As an actual Phone Company bastard, I can tell you that we here in BC
recently had to add another area code. This was not simply due to more
people, but instead to more people with phones/pagers/cell phones/etc.
Additionally, as an artifact of how stupidly PSTN networks are designed,
the only effective way to move a phone call around on the network is by
forwarding it along the YAPN (Yet Another Phone Number) route to various
application servers. The North American phone network string set is much
more scaleable, as long as you have enough area codes. I think the current
problem is that we're running out of area codes, and are going to have to
start breaking the rules on those too.. eg:

Phone strings used to be: XNX-NNN-XXXX
Now they're going to be : XXX-XXX-XXXX

...where "X" represents a number of ANY value, and "N" represents an
assigned or restricted range... for example, as you pointed out, in the
area code the "N" currently has to be "0" or "1". The "NNN" in the second
string used to actually be the first three letters of name of the Central
Office (Switch).

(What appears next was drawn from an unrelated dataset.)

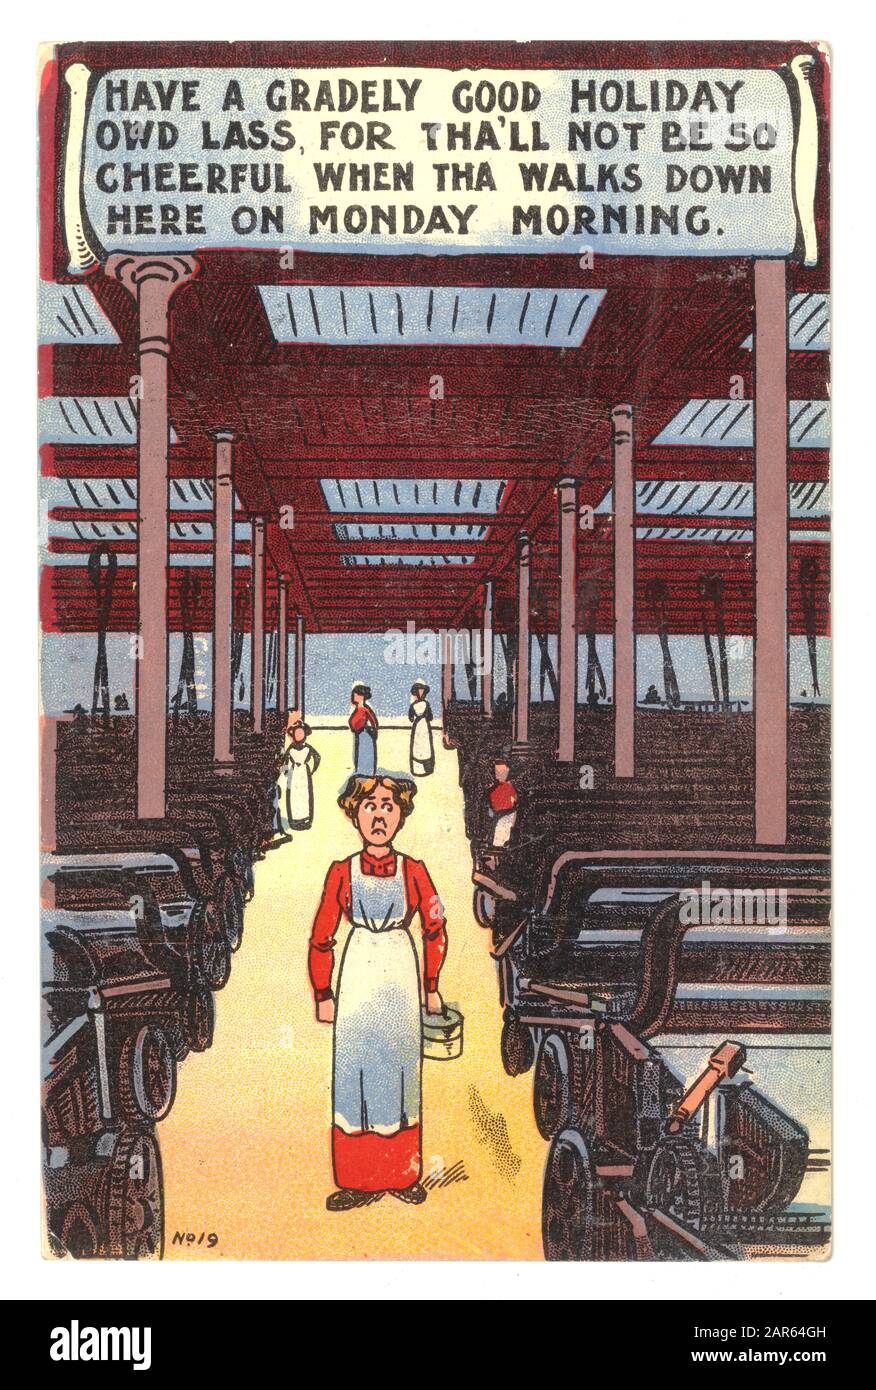 Die originale Comic-Postkarte aus dem frühen 19. Jahrhundert, auf der die Arbeiterin der Baumwollfabrik Lancashire im Urlaub war, fordert die Arbeiterin auf, das Beste aus ihrem jährlichen Urlaub oder ihrer Weckwoche zu machen, bevor sie wieder in den düsteren Alltag des Arbeitsplatzes in Großbritannien zurückkehrt. Ungefähr 1910. Stockfoto
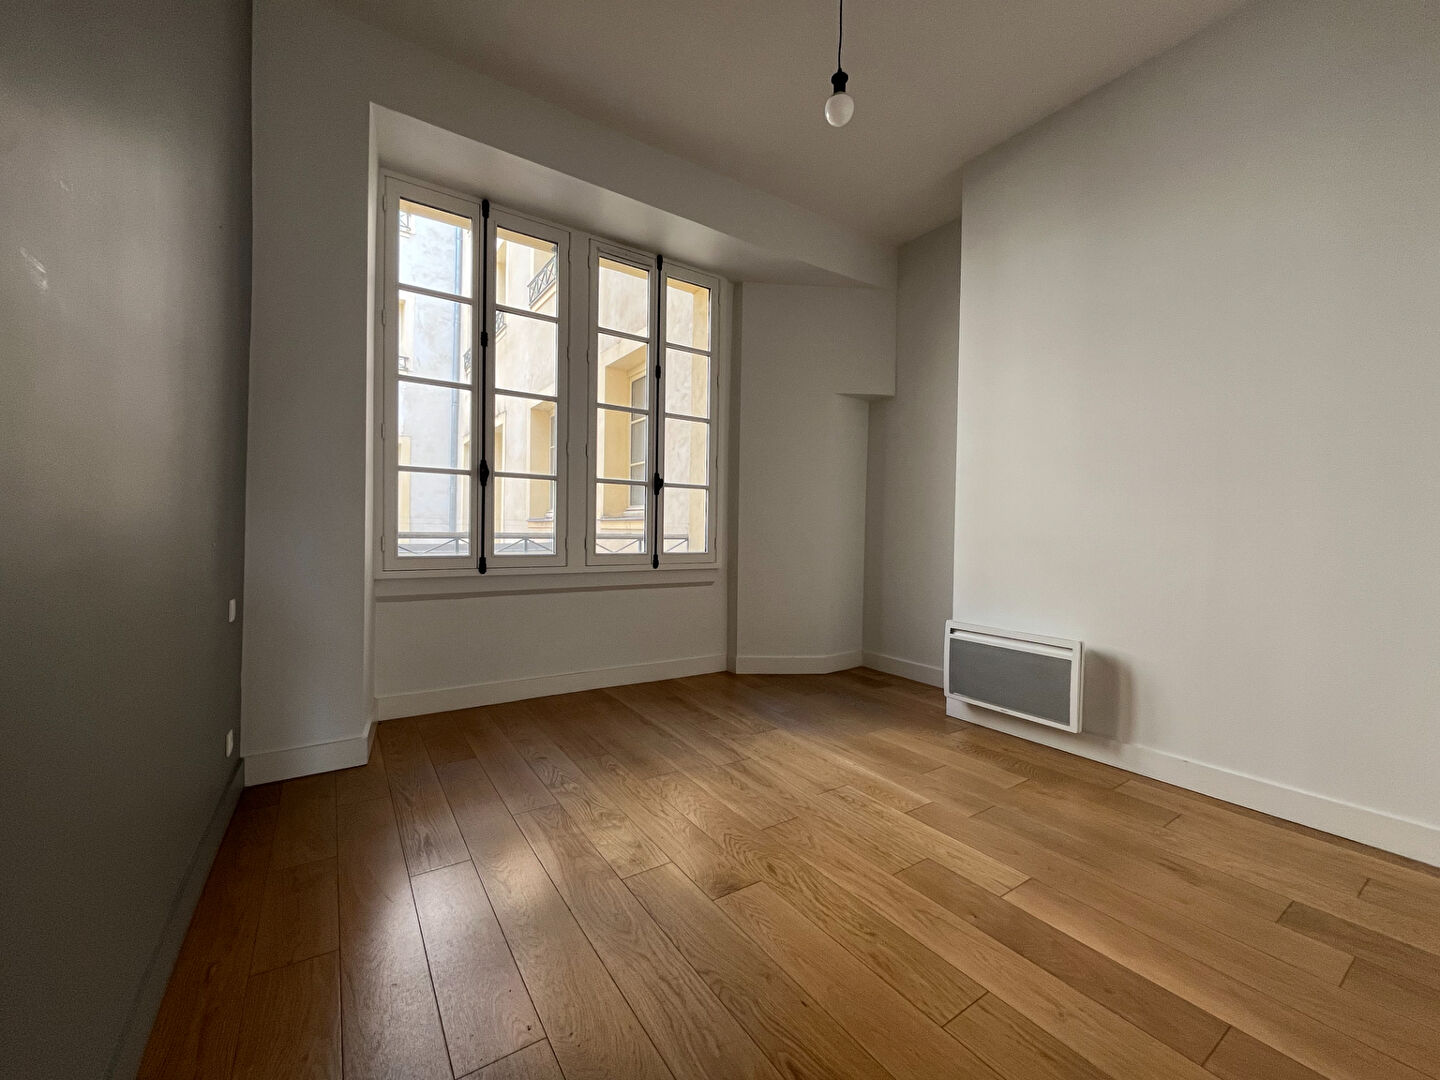 Appartement 5 pièces - 145 m² environ - 55082074f.jpg | Kermarrec Habitation

Needless to say that didn't scale well.

I think that the advent of fully-digital packet-switched IP-centric phone
networks will catch up with the PSTN before we run out of codes. I also
think that the IP-enabled PSTN is a natural place for us to start using
IPv6. Once my phone number has an IP address (this is, in fact, what I'm
being paid to work on) it'll no longer be necessary to identify different
call applications by using separate phone numbers. Pow! We'll reclaim a
few local phone numbers and re-scale.

Also, it's been mandated by every phone company to work on Local Number
Portability. LNP will unbind a phone number from a Central Office
(eventually, even an area code will be irrelevant for Mobile Phone users)
and free up yet more space by making better use of all seven digits.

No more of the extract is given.